Raw data:
=== Section Start ===
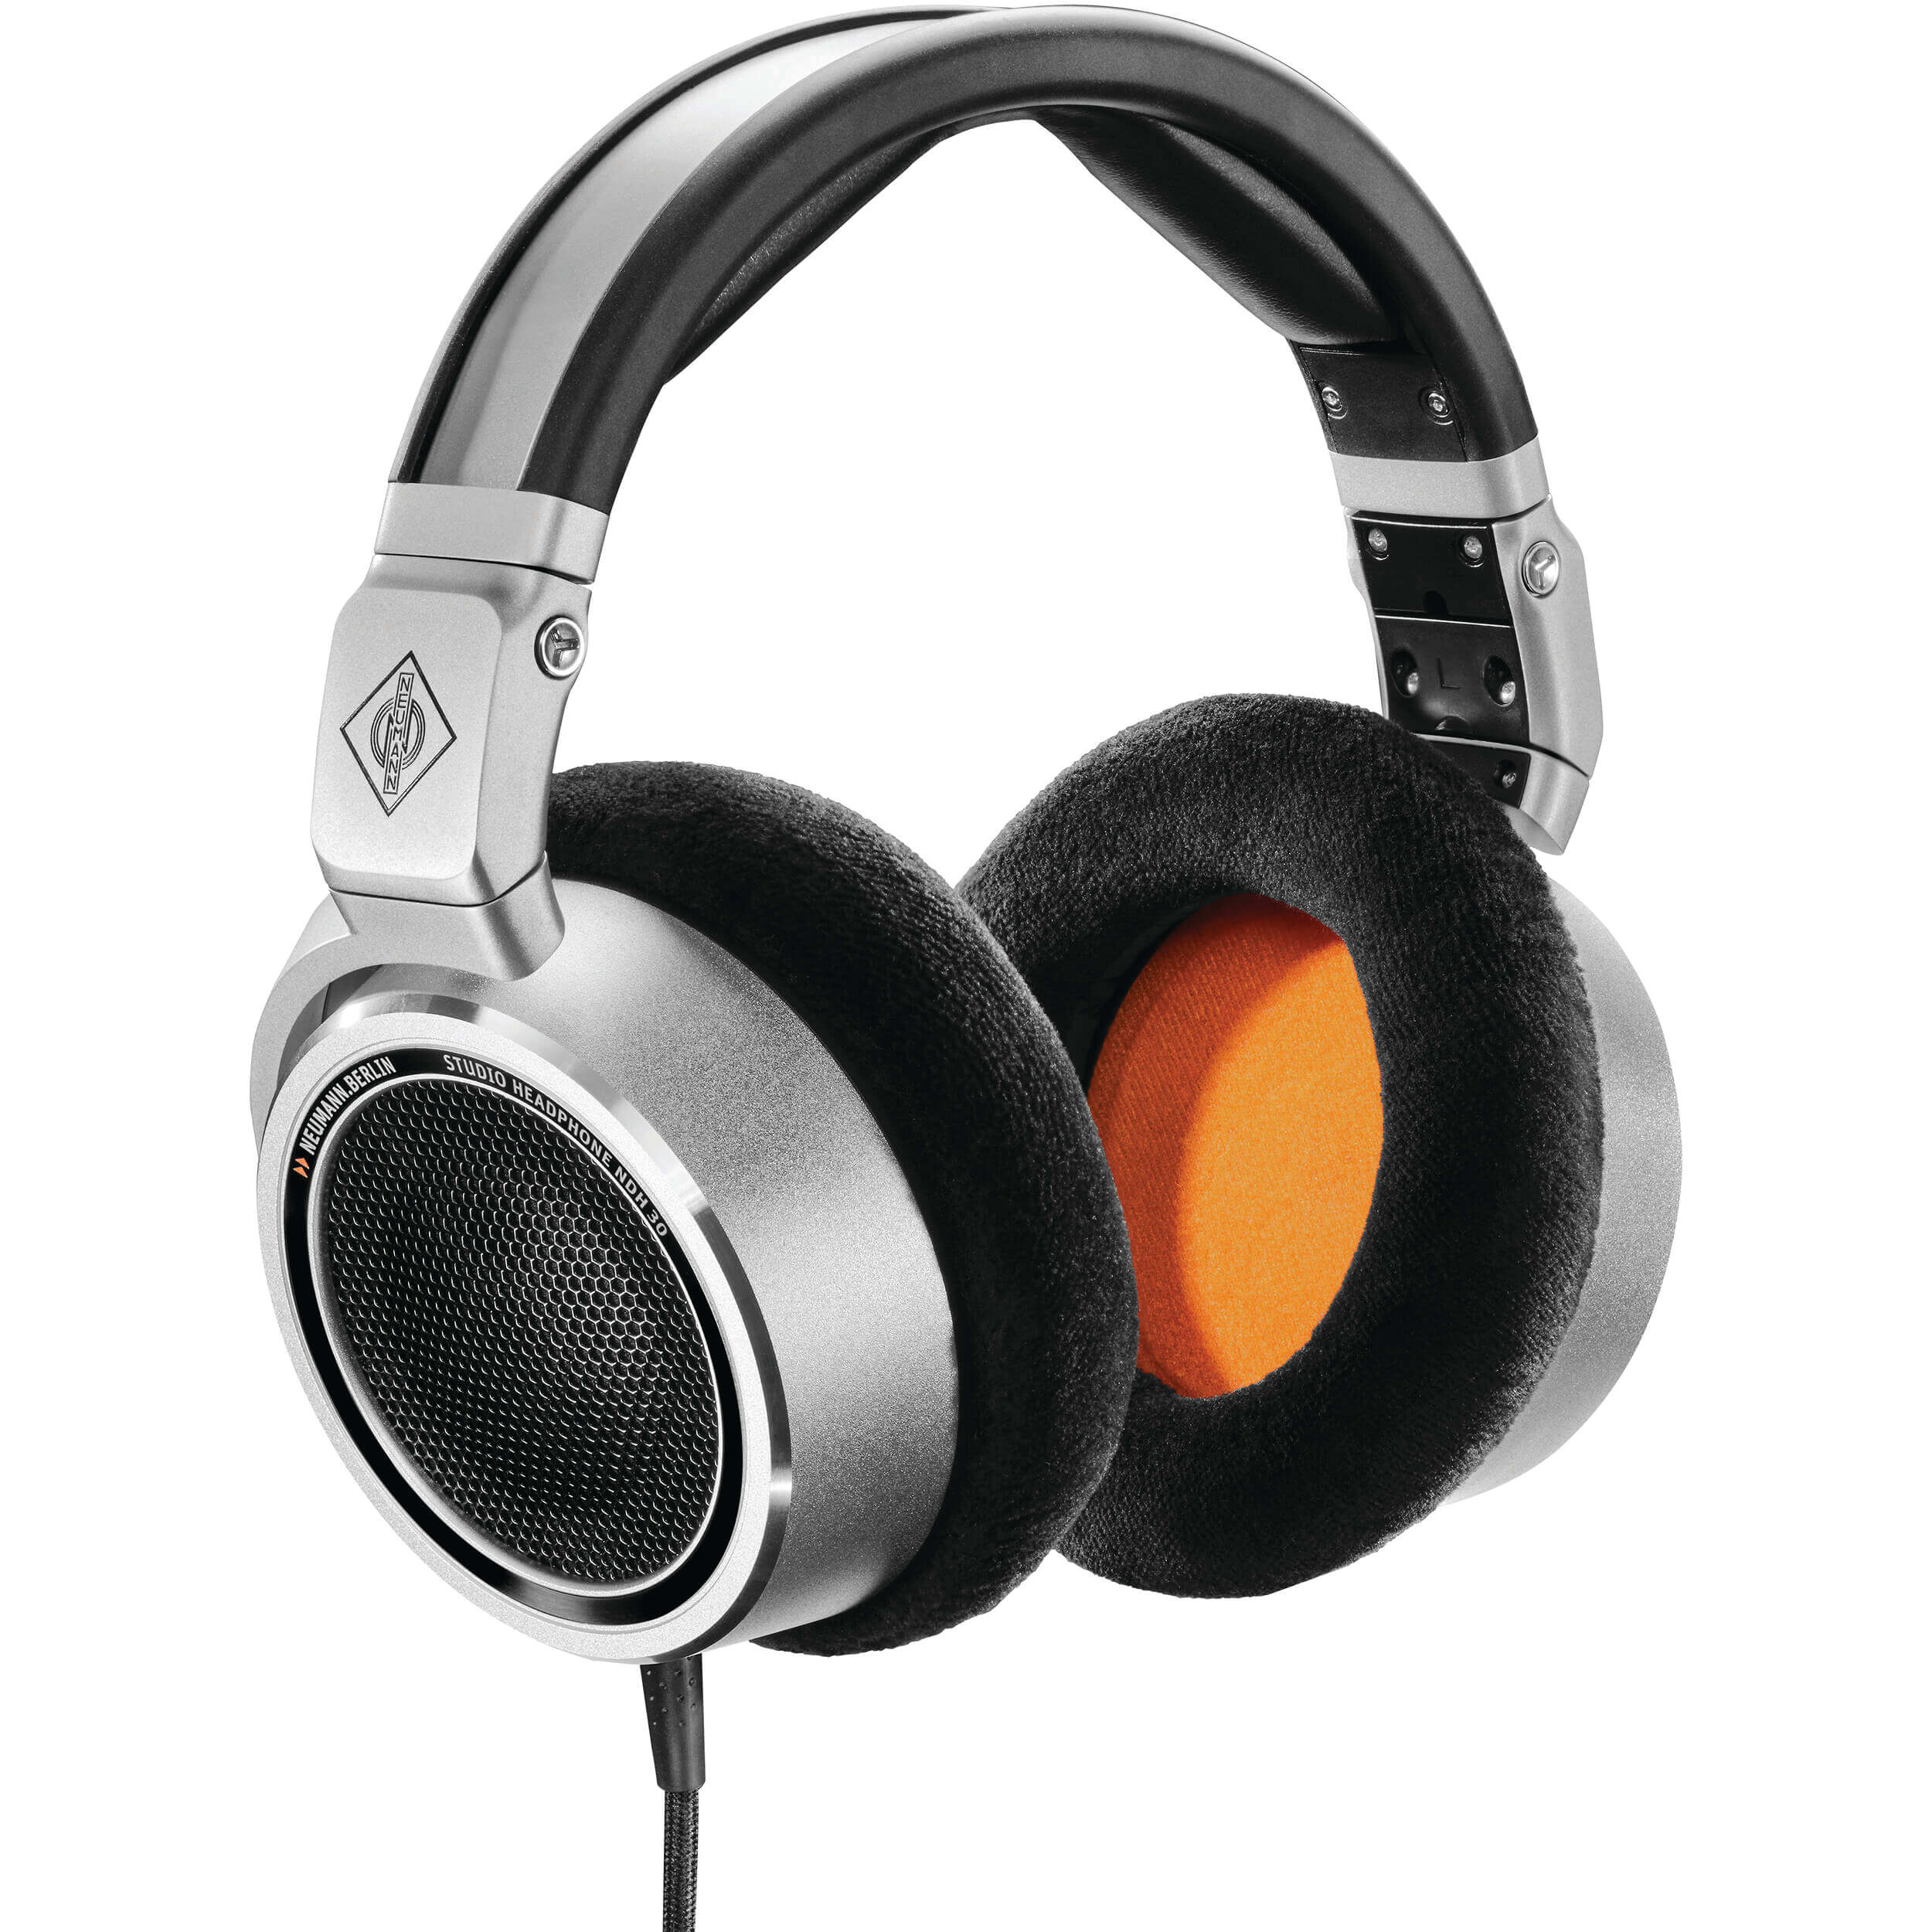 REVIEW: Neumann NDH 30 Open-Back Studio Headphones
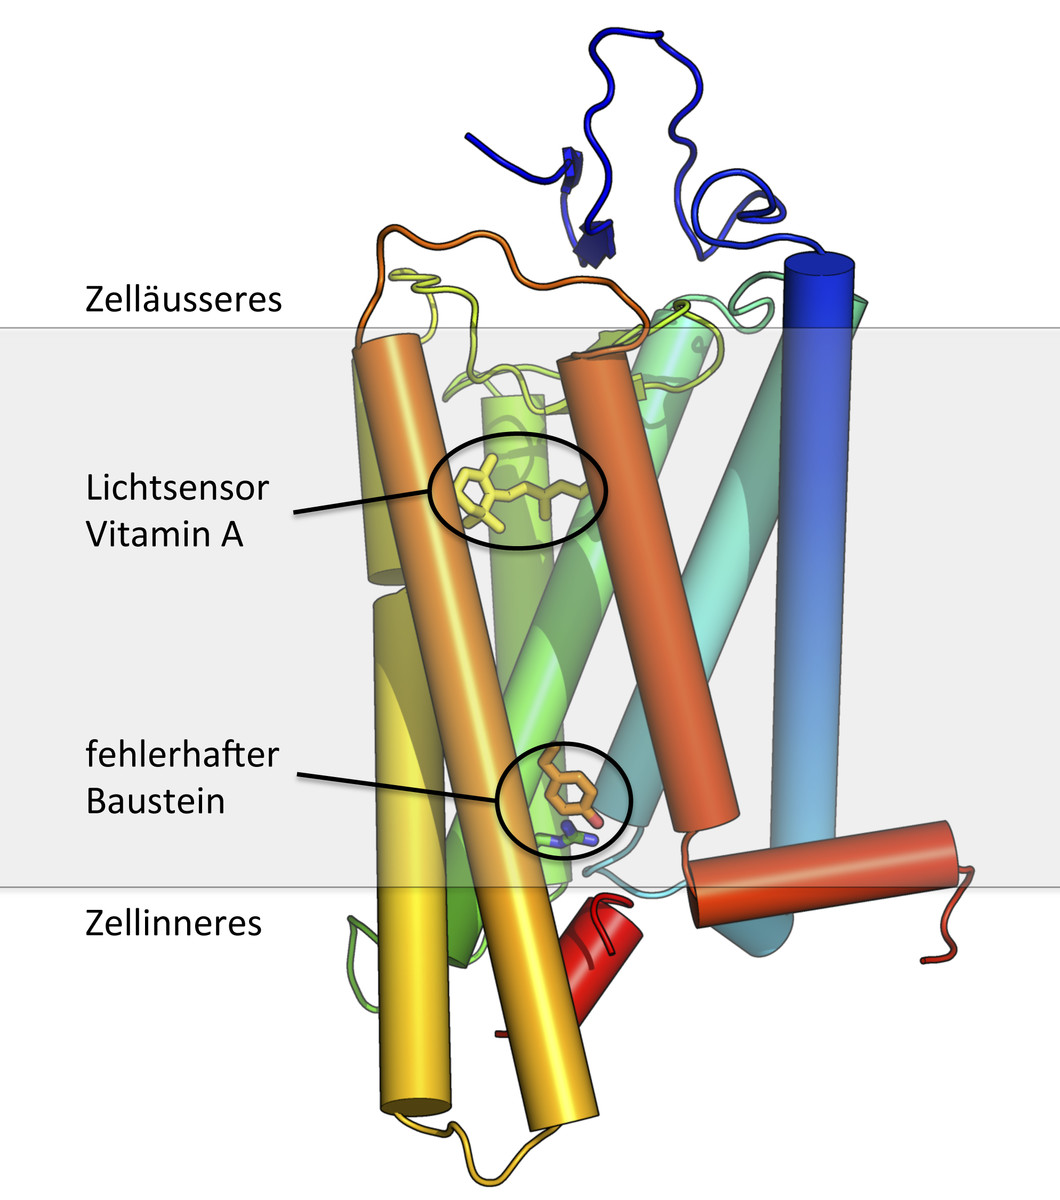 Struktur eines Lichtrezeptors – blockiert im aktiven Zustand. Das Vitamin-A-Molekül funktioniert als Sensor für das ankommende Licht. Unten ist der Baustein markiert, der für die Blockade des Rezeptors verantwortlich ist. In hellgrau ist die Zellmembran angedeutet.
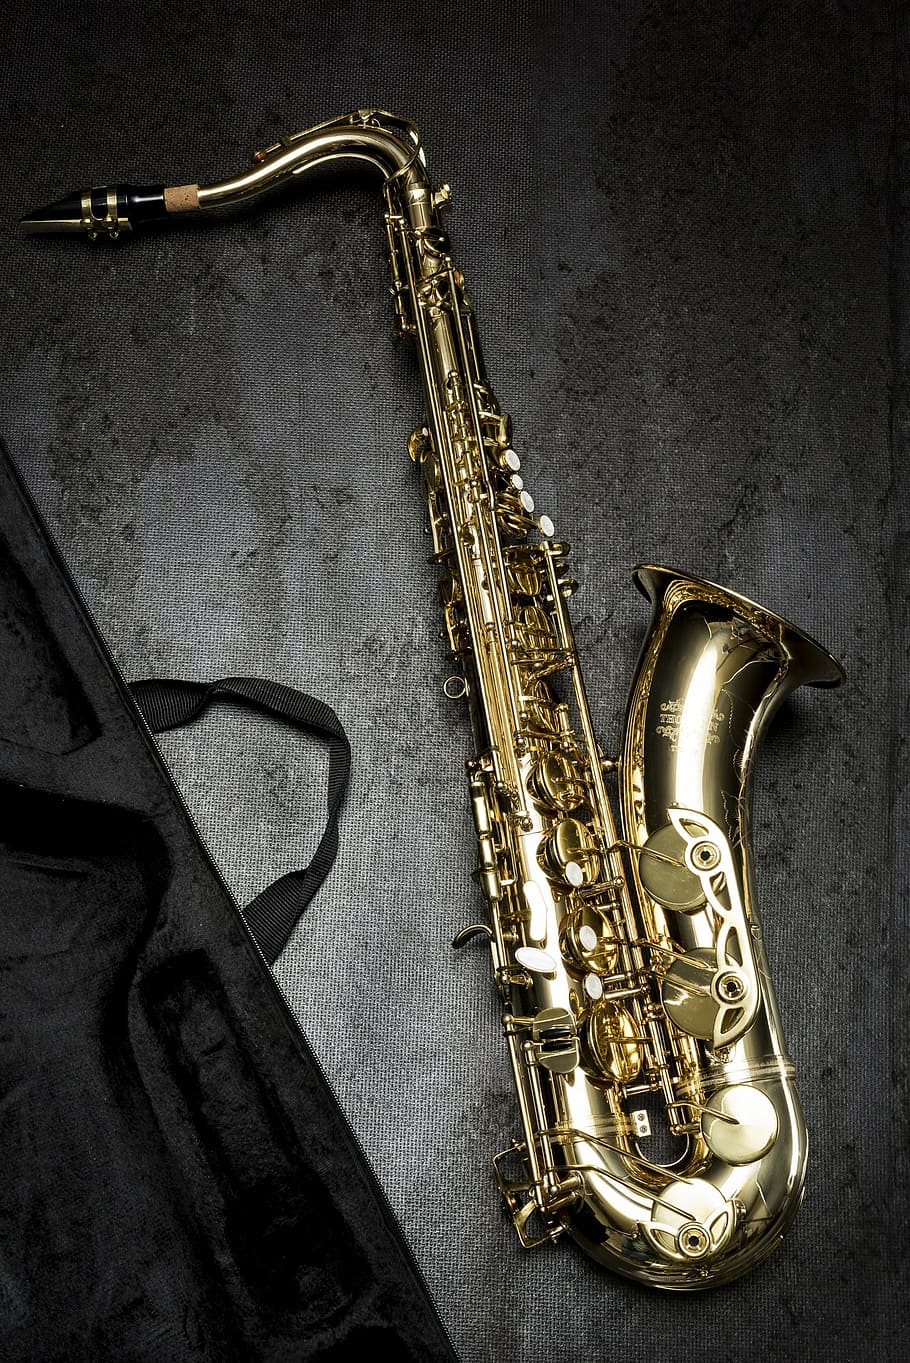 saxofone de ouro, saxofone, música, natureza morta, instrumento musical, arte, cultura e entretenimento, metal, dentro de casa, instrumento de sopro
=== Section End ===
Exercise objective: Transcribe the data exactly, minus any images.

Your solution:
 REVIEW: Neumann NDH 30 Open-Back Studio Headphones
 Struktur eines Lichtrezeptors – blockiert im aktiven Zustand. Das Vitamin-A-Molekül funktioniert als Sensor für das ankommende Licht. Unten ist der Baustein markiert, der für die Blockade des Rezeptors verantwortlich ist. In hellgrau ist die Zellmembran angedeutet.
 saxofone de ouro, saxofone, música, natureza morta, instrumento musical, arte, cultura e entretenimento, metal, dentro de casa, instrumento de sopro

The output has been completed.